I think this would be really good to implement. It seems pretty inefficient to allocate so much just for the sake of having a saving step in updating drho. I'd say it's outside the scope of this PR (as here I'm just creating more straightforward methods), but I'd be happy to introduce this to our solvers.

[Krastanov]

does this mean that each step of the solver will be causing an allocation (the copy)?

@Krastanov yes, that is the case. We actually get a really nice performance speedup here using just the ODE interface. Although there's some allocation overhead, the speed is much better (here I set b = FockBasis(100)) and maintains good performance as the problem scales:

julia> @benchmark solve($prob, DP5(); save_everystep=false)
BenchmarkTools.Trial: 263 samples with 1 evaluation.
 Range (min … max):  18.140 ms …  22.007 ms  ┊ GC (min … max): 0.00% … 15.85%
 Time  (median):     18.723 ms               ┊ GC (median):    0.00%
 Time  (mean ± σ):   19.052 ms ± 765.057 μs  ┊ GC (mean ± σ):  3.10% ±  3.71%

    ▃▂█▄▂ ▃                                                     
  ▄▅███████▅▄▃▃▃▅▃▄▅▃▅▆▅▅▅▆▄▅▆▅▆▄▃▃▄▄▄▃▃▃▃▄▃▄▃▃▃▁▁▃▃▁▁▁▃▁▁▁▁▁▃ ▃
  18.1 ms         Histogram: frequency by time         21.5 ms <

 Memory estimate: 18.58 MiB, allocs estimate: 693.

julia> @benchmark timeevolution.master_h([$0.0, $1.0], $rho0, $H, $J)
BenchmarkTools.Trial: 109 samples with 1 evaluation.
 Range (min … max):  45.506 ms …  48.548 ms  ┊ GC (min … max): 0.00% … 5.60%
 Time  (median):     45.900 ms               ┊ GC (median):    0.00%
 Time  (mean ± σ):   46.005 ms ± 505.631 μs  ┊ GC (mean ± σ):  0.27% ± 1.03%

      ▆▆▆▇▄▄█▆▂                                                 
  ▄▄▄▆█████████▆▃▃▁▁▁▁▁▁▁▁▁▁▁▁▁▃▁▁▁▁▁▁▁▁▁▁▁▁▁▁▄▁▁▃▁▁▁▃▁▁▁▁▁▁▁▃ ▃
  45.5 ms         Histogram: frequency by time         48.3 ms <

 Memory estimate: 3.12 MiB, allocs estimate: 131.
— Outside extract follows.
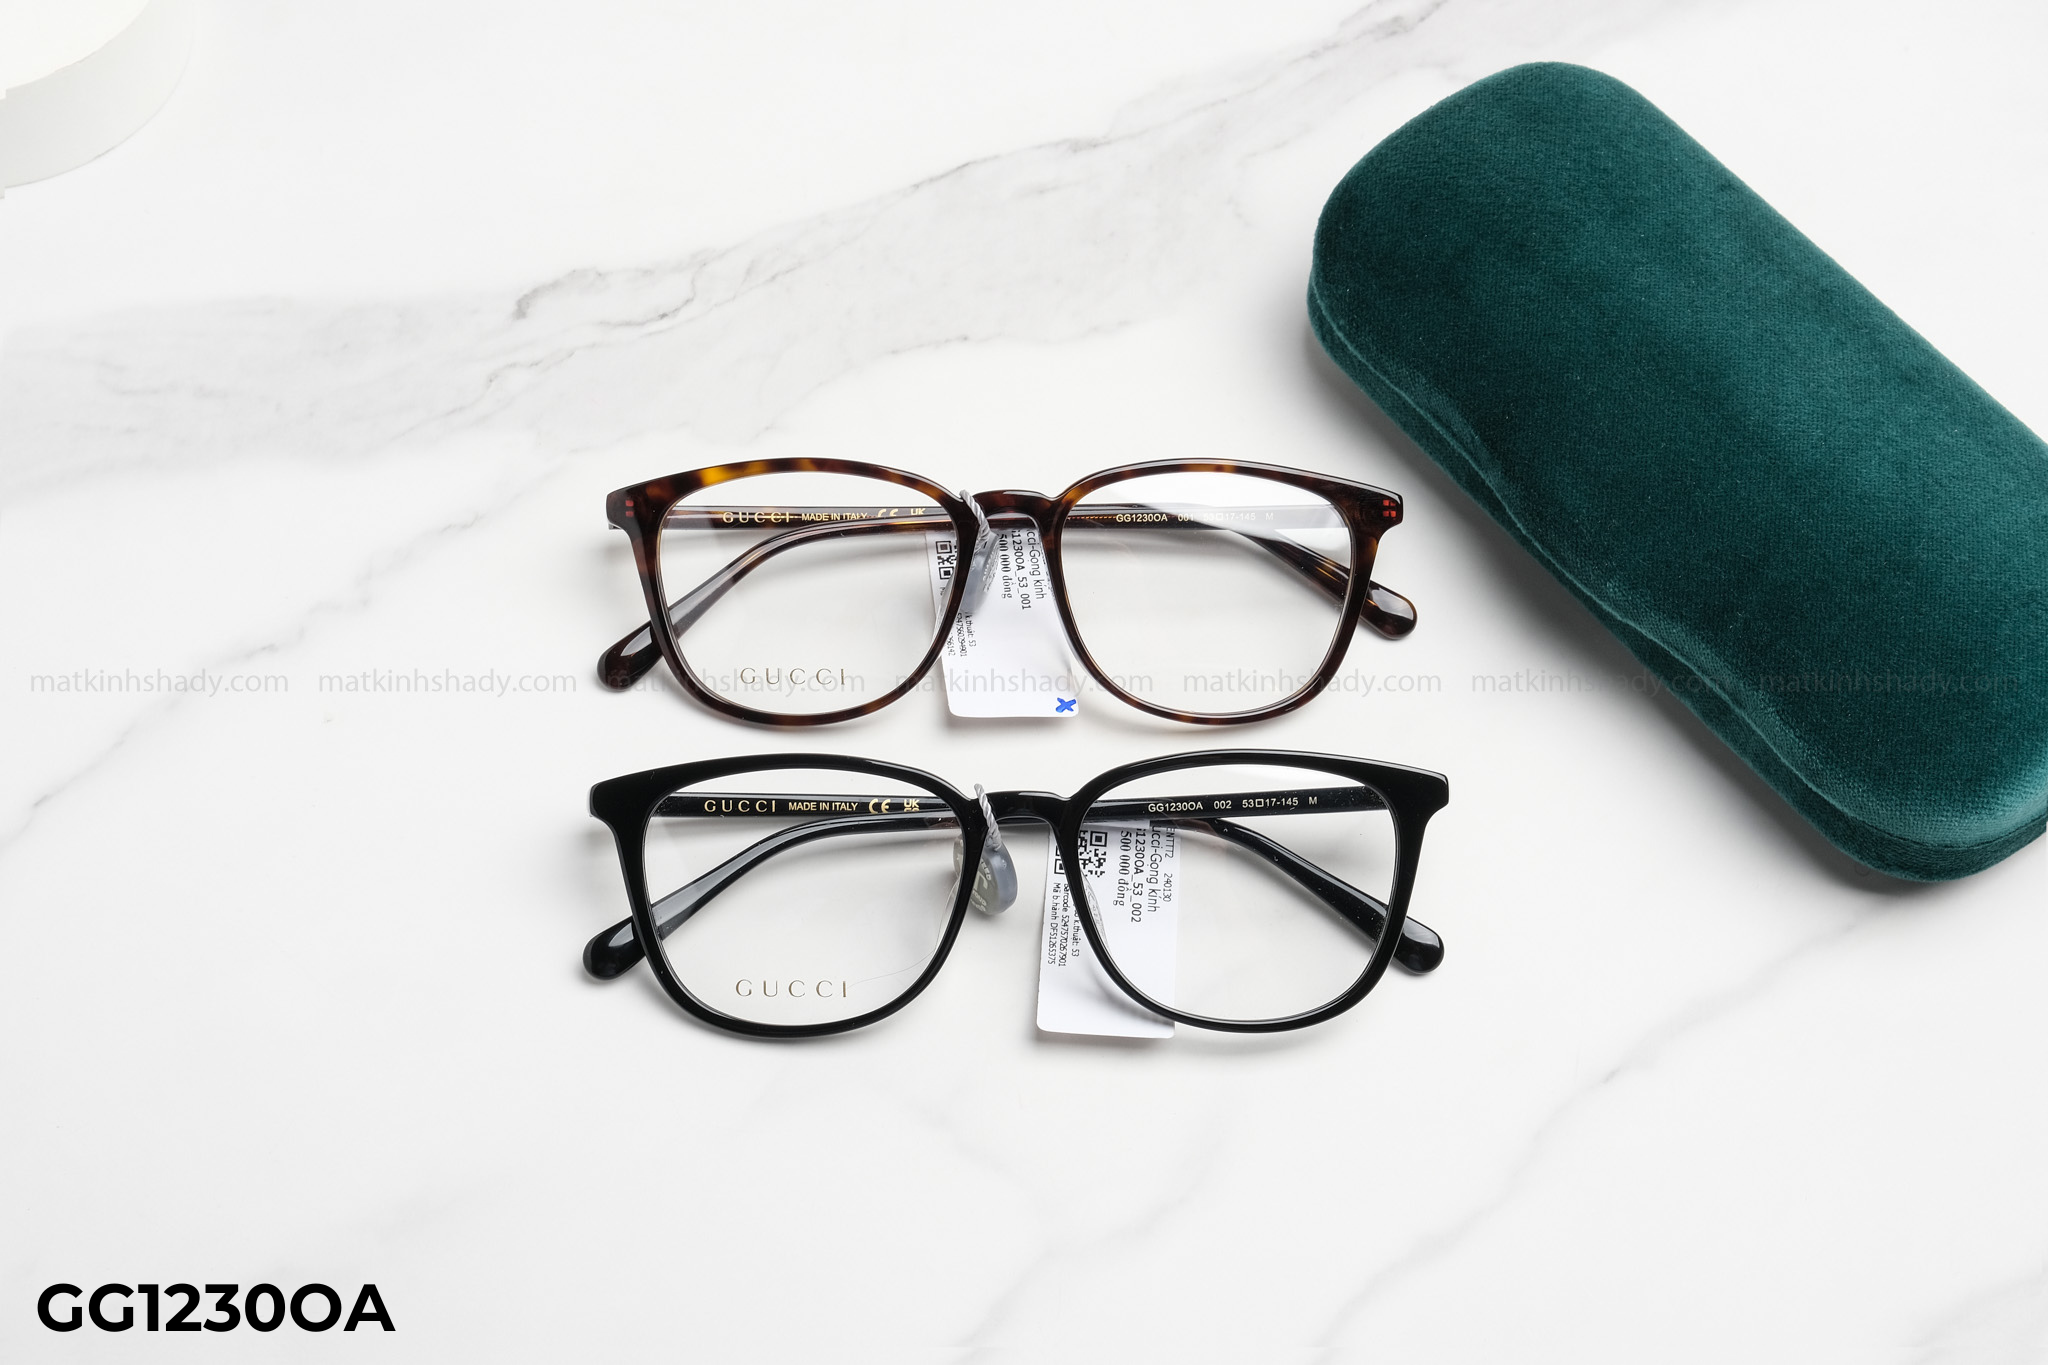  Gucci Eyewear - Glasses - GG1230OA

This confuses me a lot. What is going wrong in master_h that this new method which should be strictly slower (because of all the extra copies) is actually faster?

Is there a potential future version of timeevolution.dmaster_h!(drho, H, J, rates, rho) that does not make copies on each step? I feel reluctant including a new approach that is slower than the currently existing approach, even if it is more convenient. Can we make this into something that is as fast as the already existing method?

[apkille]

@Krastanov timeevolution.master_h calls dmaster_h! in its backend. Before I submitted the PR,dmaster_h! already copied drho at each step. Here, I am simply defining a method that makes this function usable, that is, not providing an argument that copies drho:

dmaster_h!(drho, H, J, rates, rho) = dmaster_h!(drho, H, J, dagger.(J), rates, rho, copy(drho))

Maybe I am thinking about this the wrong way but this was my thought process.